* [HOW TO COMPLETE THIS TASK] Find the line with "Super Everdrive X5 - Frosted Turquoise" in the records below, then please transcribe it and every later line exactly, omitting the pictures and adding nothing.

--- EXTRACTED INFORMATION ---

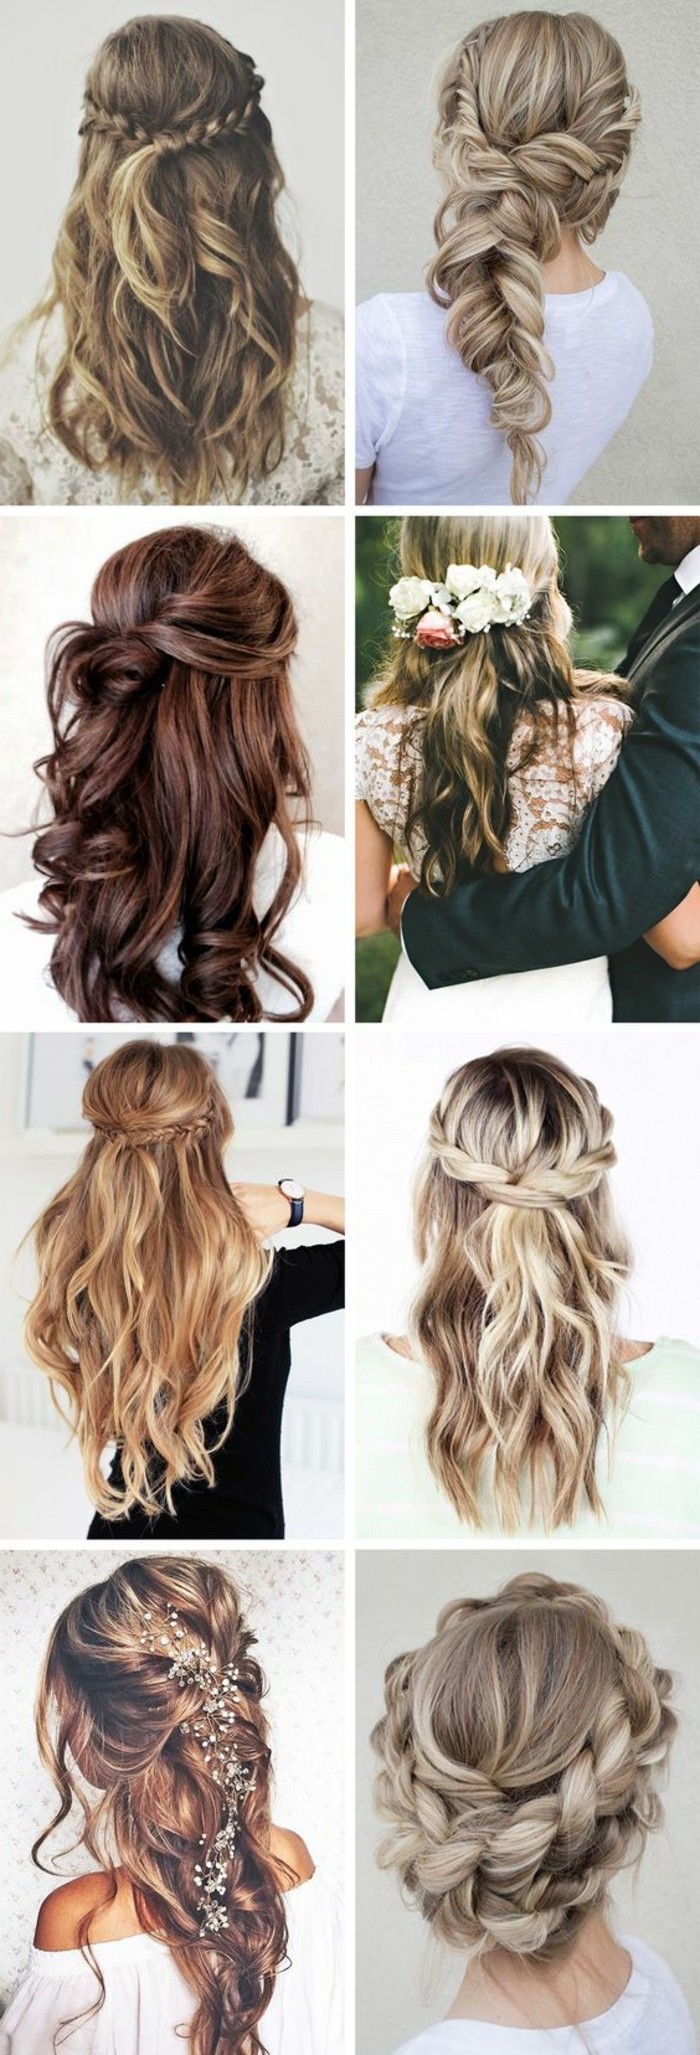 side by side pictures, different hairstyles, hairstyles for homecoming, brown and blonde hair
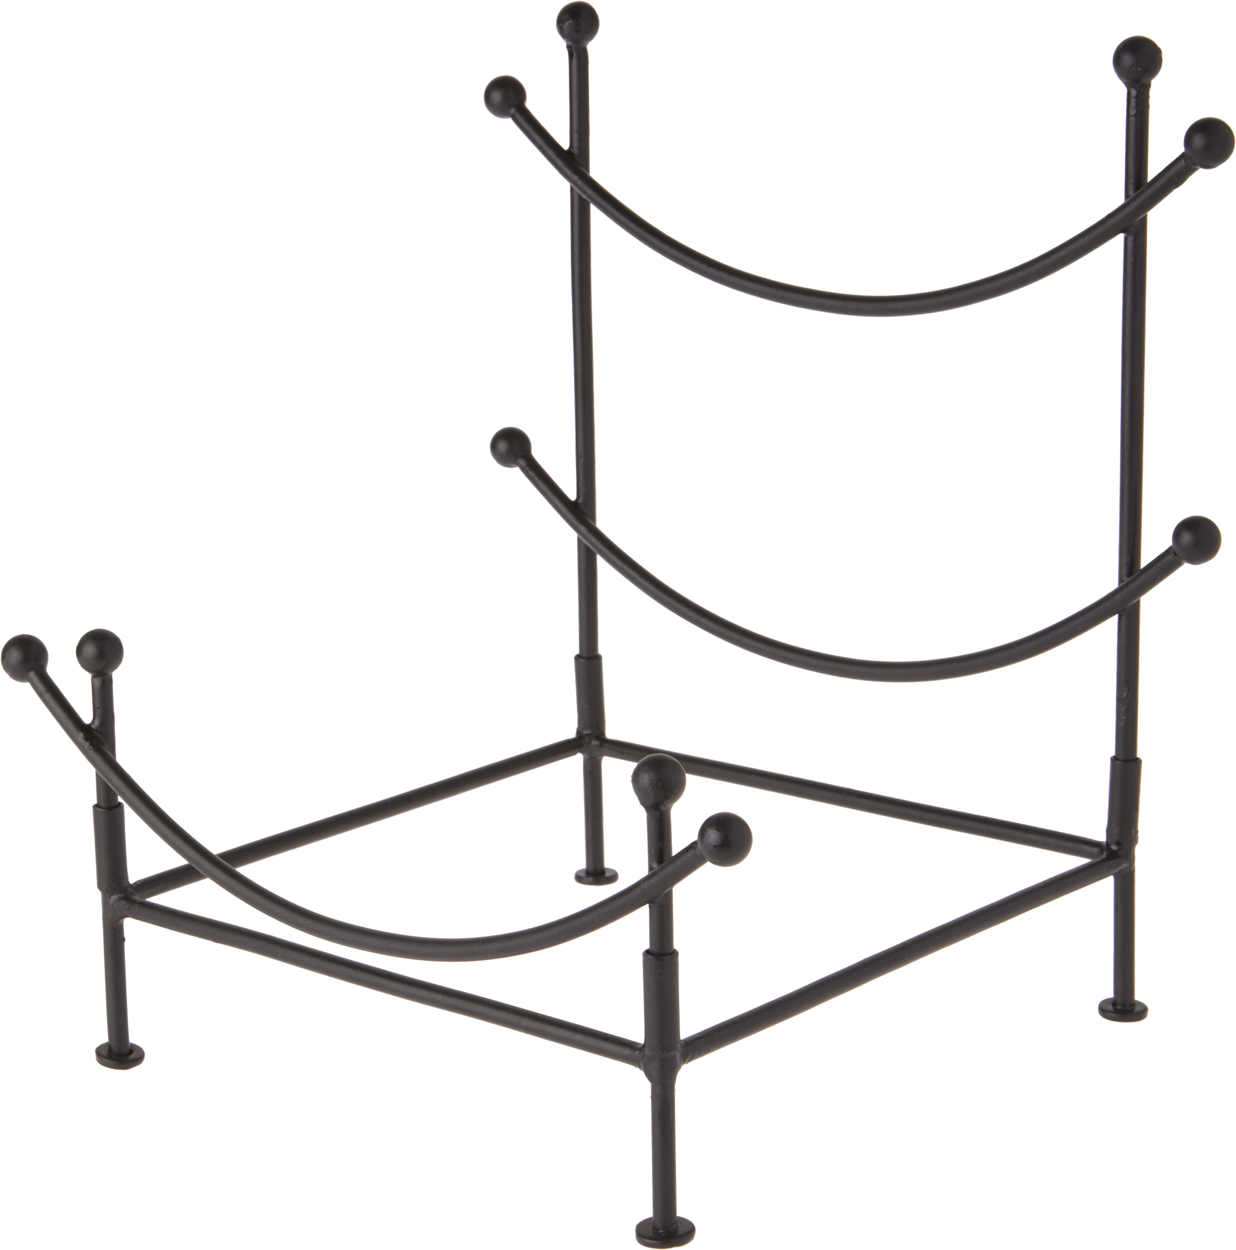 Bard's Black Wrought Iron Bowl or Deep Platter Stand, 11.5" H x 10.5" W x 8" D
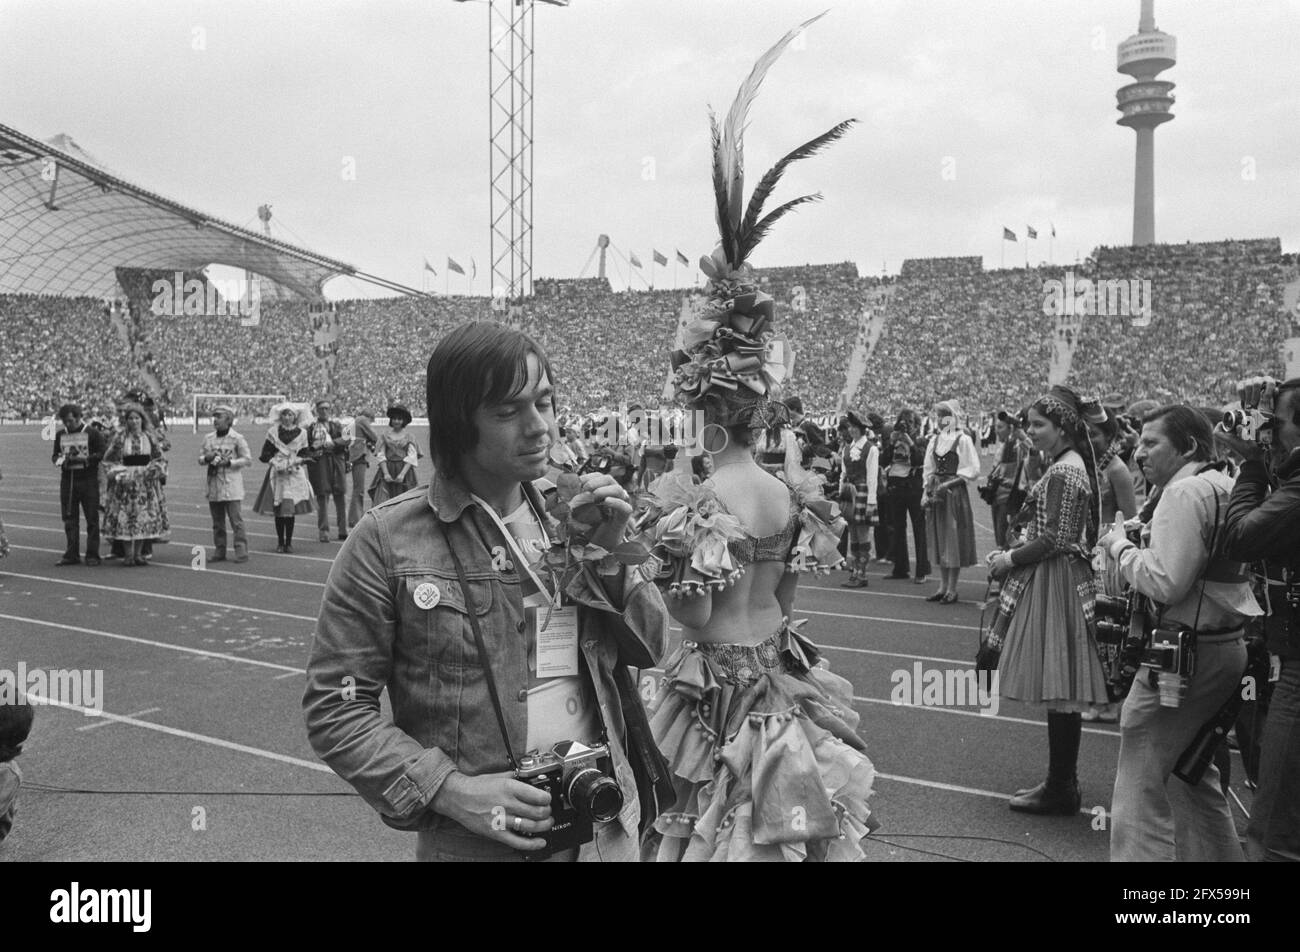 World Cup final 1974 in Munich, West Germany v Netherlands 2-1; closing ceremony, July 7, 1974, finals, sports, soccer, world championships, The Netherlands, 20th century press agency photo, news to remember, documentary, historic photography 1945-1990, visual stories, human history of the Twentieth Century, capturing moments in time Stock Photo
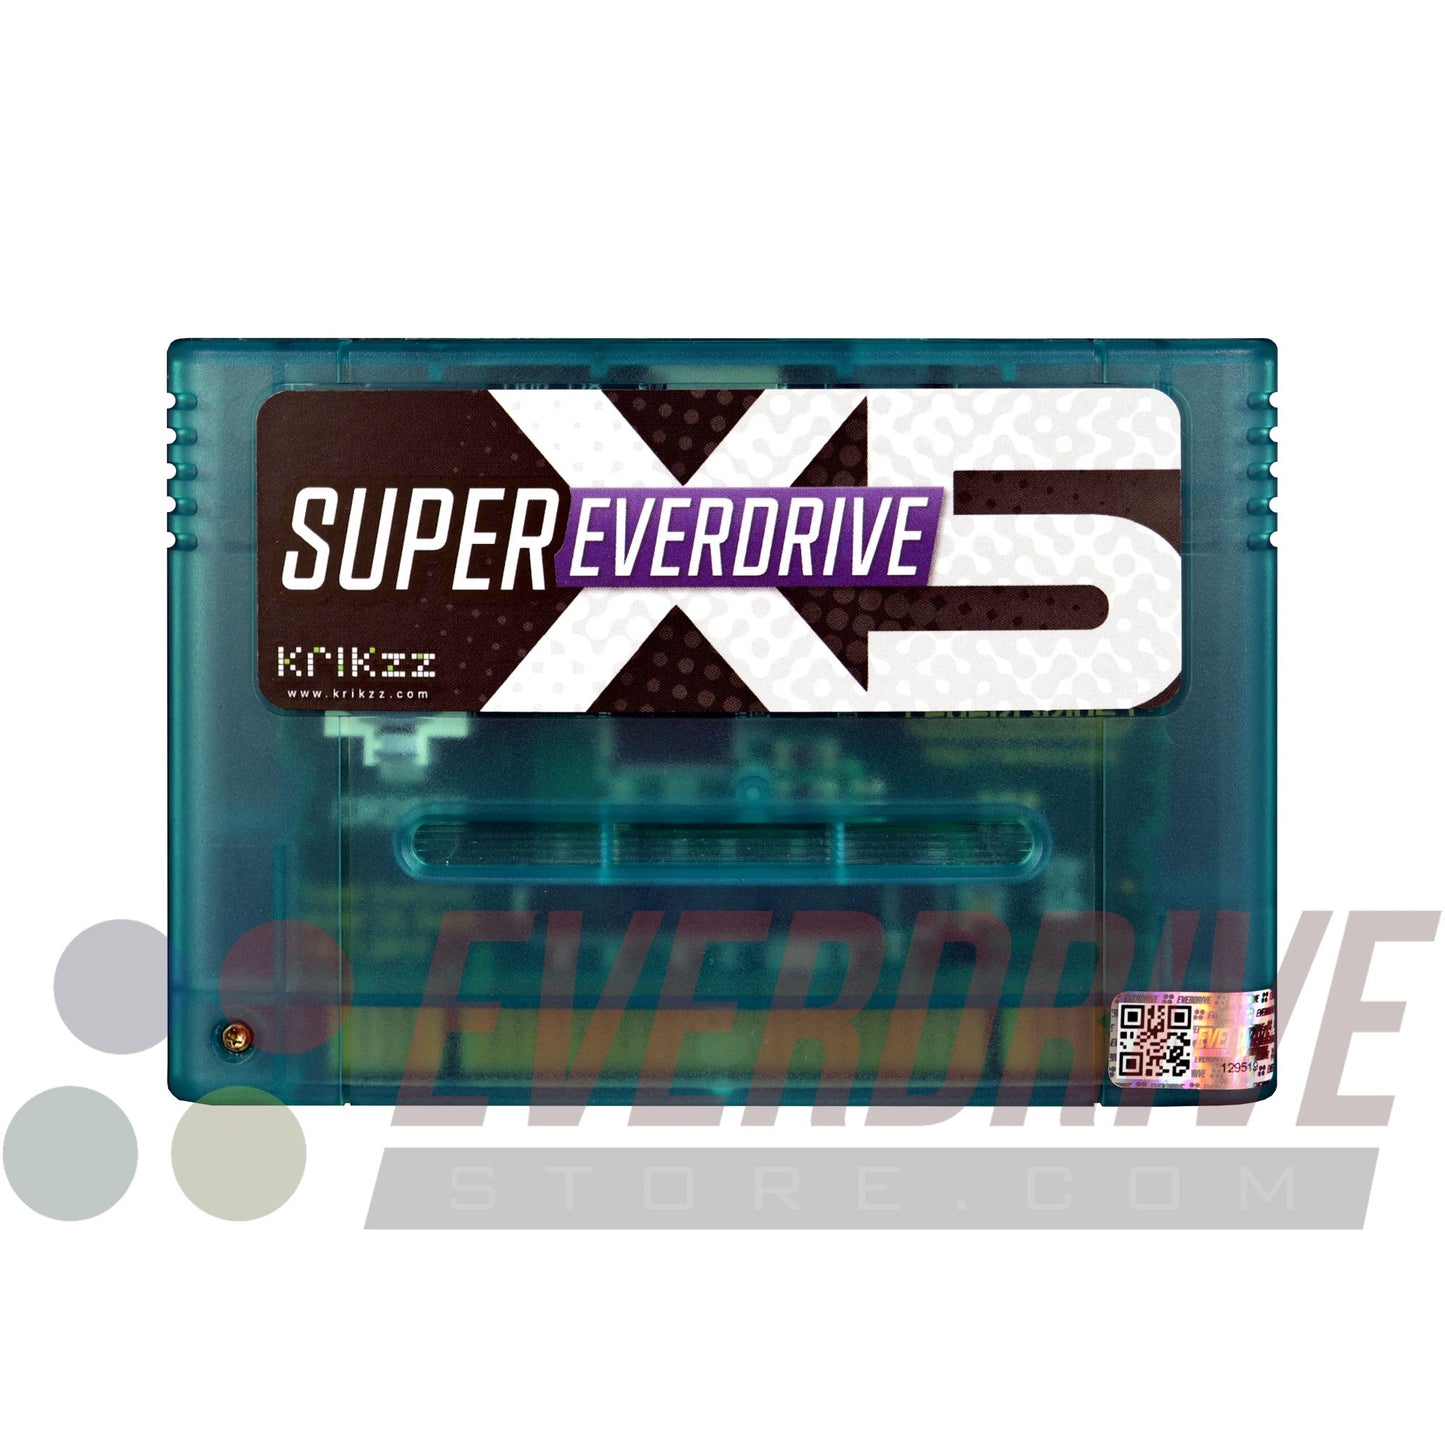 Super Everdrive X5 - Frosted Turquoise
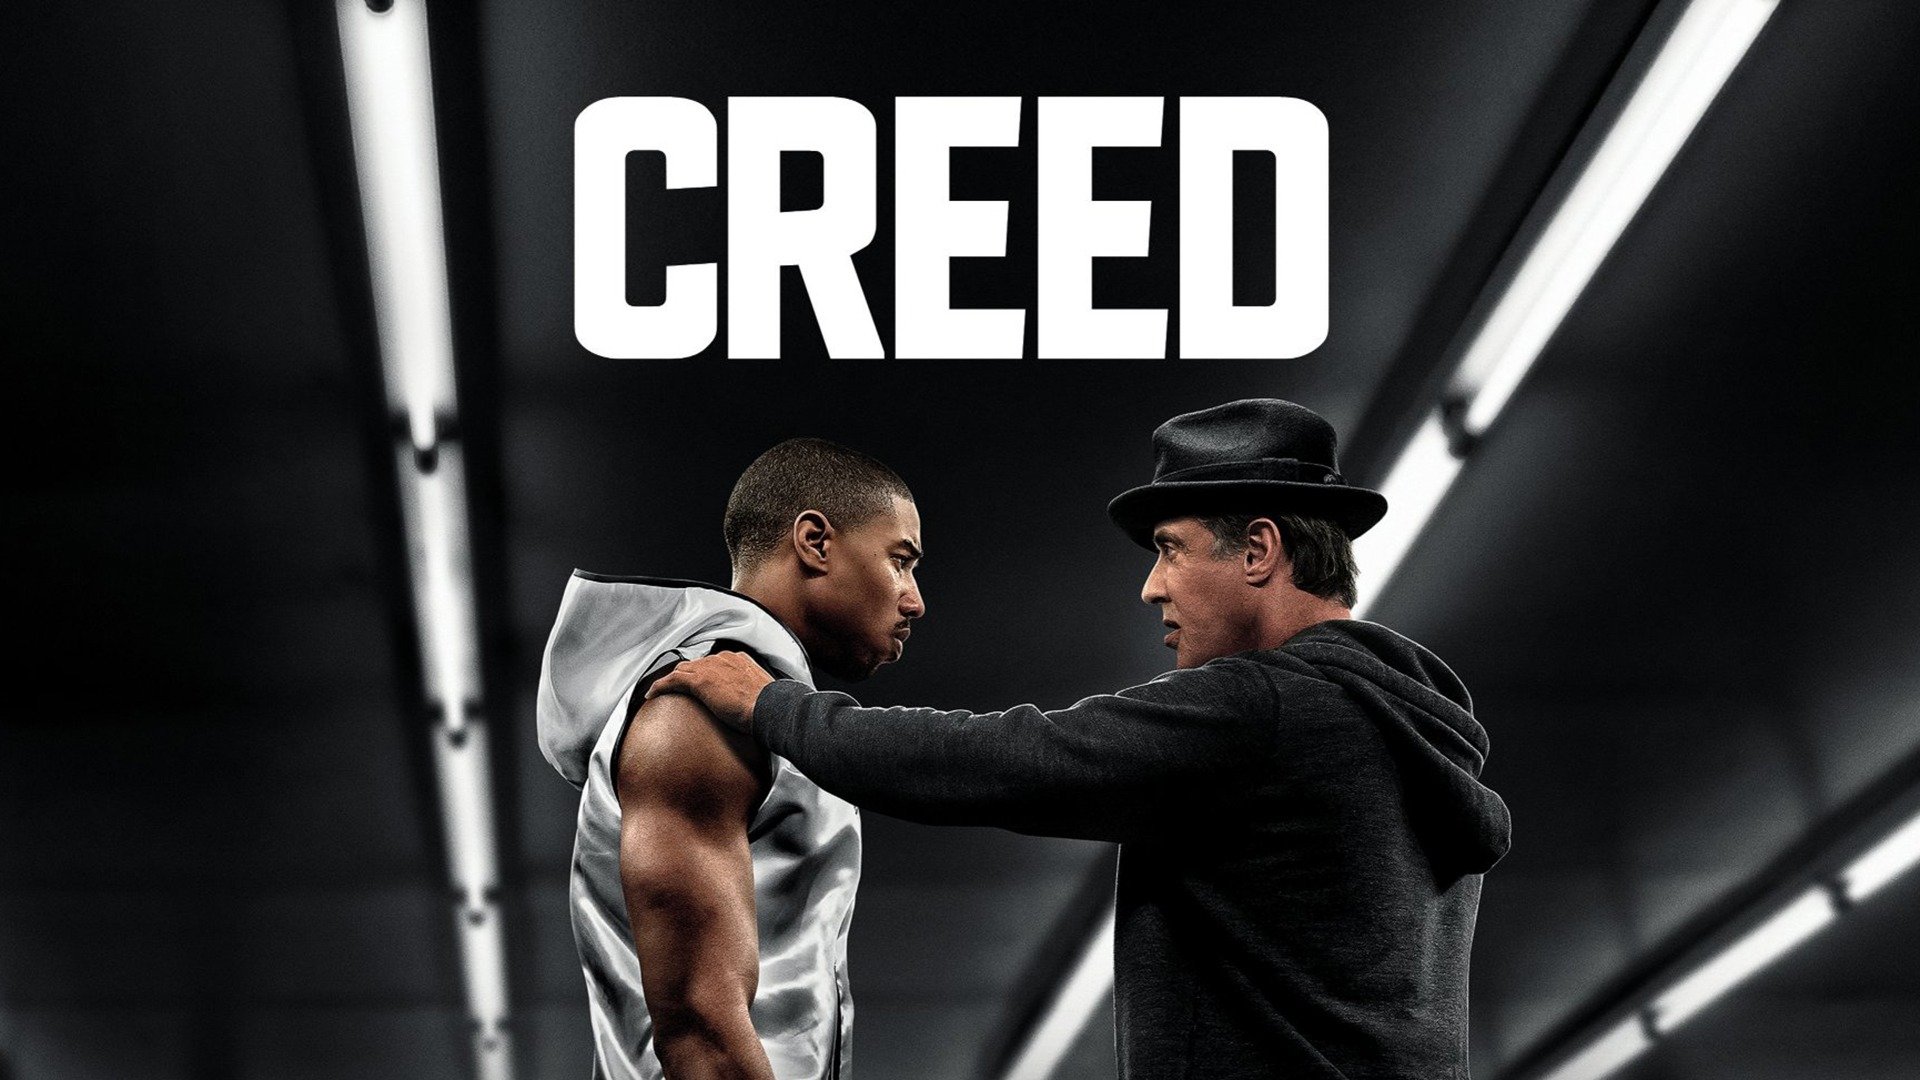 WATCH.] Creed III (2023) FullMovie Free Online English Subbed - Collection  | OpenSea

---

* [COMPLETED EXERCISE]
 Super Everdrive X5 - Frosted Turquoise
 WATCH.] Creed III (2023) FullMovie Free Online English Subbed - Collection  | OpenSea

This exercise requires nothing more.